Robin Schulz ft. James Blunt – OK
His life USED to be brilliant, anyway.
[Video]
[3.25]
Julian Axelrod: Seeing Robin Schulz and James Blunt on a song together feels like finding out two random people from your high school are dating. You stumble upon a pic of them together on Facebook and think, “How do they know each other? Weren’t they, like, three years apart?” But you want to give them the benefit of the doubt, so you look through the pictures and videos they’ve posted. And you think, “Why do they both look so awkward and uncomfortable? Is someone holding them at gunpoint and forcing them to stage hiking pics?
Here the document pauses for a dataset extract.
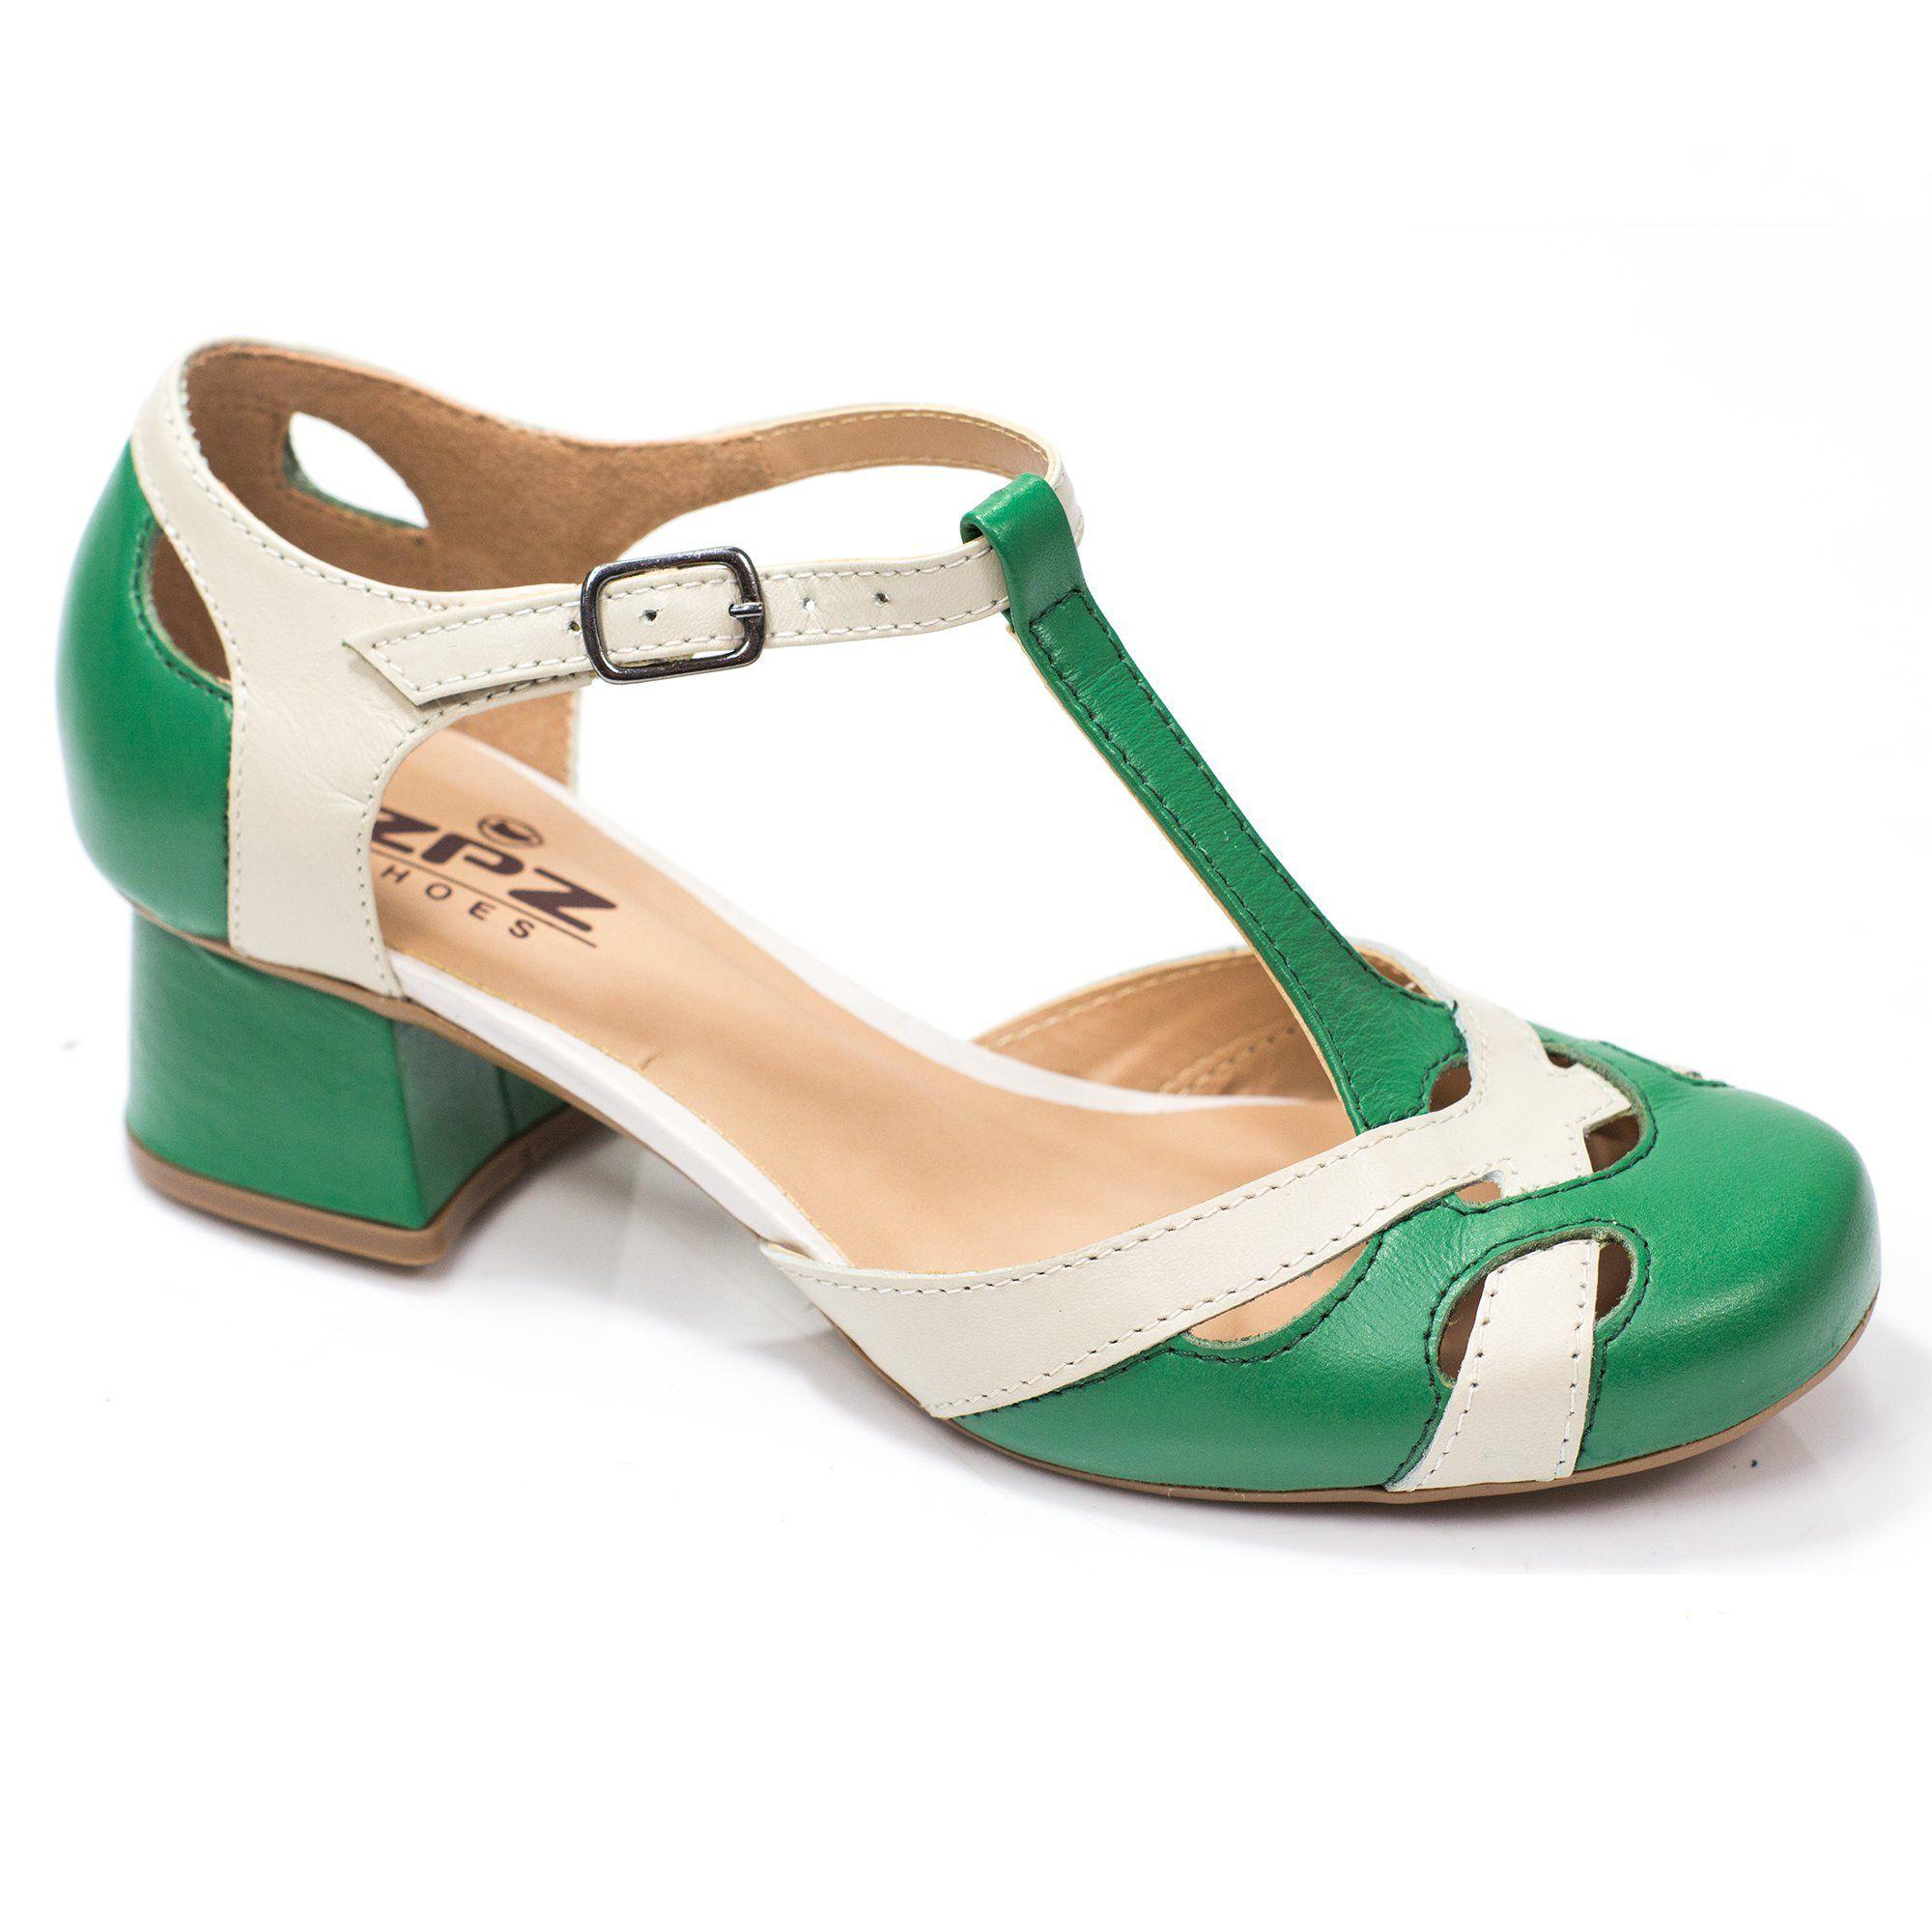 Sapato Boneca Retrô em couro Vitore

Who would do that to them?” And you haven’t thought about either of these people in years, but now you’re looking through their profiles and details about them slowly come back to you — what they used to look like, who they used to date, a conversation you had at a party. You think, “Wow, that guy looks completely different now. What happened?” And before you know it, you’ve spent half an hour thinking about these people who you don’t even care about. They seem happy together, so who am I to judge?
[4]
Micha Cavaseno: Robin Schulz has this strange desire to be the Calvin Harris of the Lite.FM crowd. All of his attempts at dancepop are barely danceable, instead feeling like a dude who specializes in making industry remixes of acoustic guitar sadsack music. Hell, if he revealed he was a generic musician and did an all-acoustic album of his hits to this point, would anyone truly notice the difference? Here with James Blunt piping along sycophantically, he goes 0-2 in trying to uplift and just managing to go through the motions; he sounds what those hunger-blocker pills feel like.
[2]
Thomas Inskeep: Oh, my fucking god. Not only has Schulz decided to up the tempo to “turbo,” he’s brought in the horrendous Blunt, responsible for one of the worst songs of the century, to spew his hideously shrill vocals all over the proceedings, singing a bunch of vapid lyrics. One of the worst singles you’ll hear this year.
[0]
Cassy Gress: James Blunt starts out this hands to the sky stomp sounding overly compressed and with a shivery, sped-up-sounding vibrato, but by the time we get to the chorus, that vocal tremor actually works for melodramatic lines about every last heart in the world breaking. Still think this could be a few bpm slower though; it’d lose some of the frenetic edge, but there’d be more confidence in the title word.
[5]
Scott Mildenhall: The King of the Balearics dips his toe back in the waters of “1973” and is probably surprised when Schulz brings out his funny noises. They fit satisfactorily though, and this is in essence a “Waves”wave remix of a James Blunt song, which is exactly what “High”, “Wisemen” and the plausible Schulz inspiration “1973” itself have been long calling out for. The lesson to be learnt from this is that Schulz and Blunt should get on to a remix album now, quicksmart.
[6]
Alex Clifton: Further proof that 2017 is the Darkest Timeline: James Blunt returns with an EDM club-banger that nobody asked for. It could be worse, I guess–Autotune, a superfluous verse by Pitbull, unintelligible chipmunked vocals–but that doesn’t mean this is good, either.
[3]
Katie Gill: I don’t know if James Blunt is actively TRYING to stage a Mike Posner style comeback as he tries to move from his 2000s drippy pop image to something more house and EDM but it sure feels like it. Problem here is, the Seeb remix of “I Took a Pill in Ibiza” was actually GOOD. This feels like a middle of the road attempt at a club banger that would have been a hit a few years back but now just sounds sadly stale.
[5]
Alfred Soto: I’ll be fucked if any sparrow-voiced strummer thinks he can gank Mike Posner, and no one, not even Reince Priebus, has a right to say “it’s gonna be OK” in 2017.
[1]
since I’ve decided to pivot to video, this screencap counts as my blurb (and it’s a [3])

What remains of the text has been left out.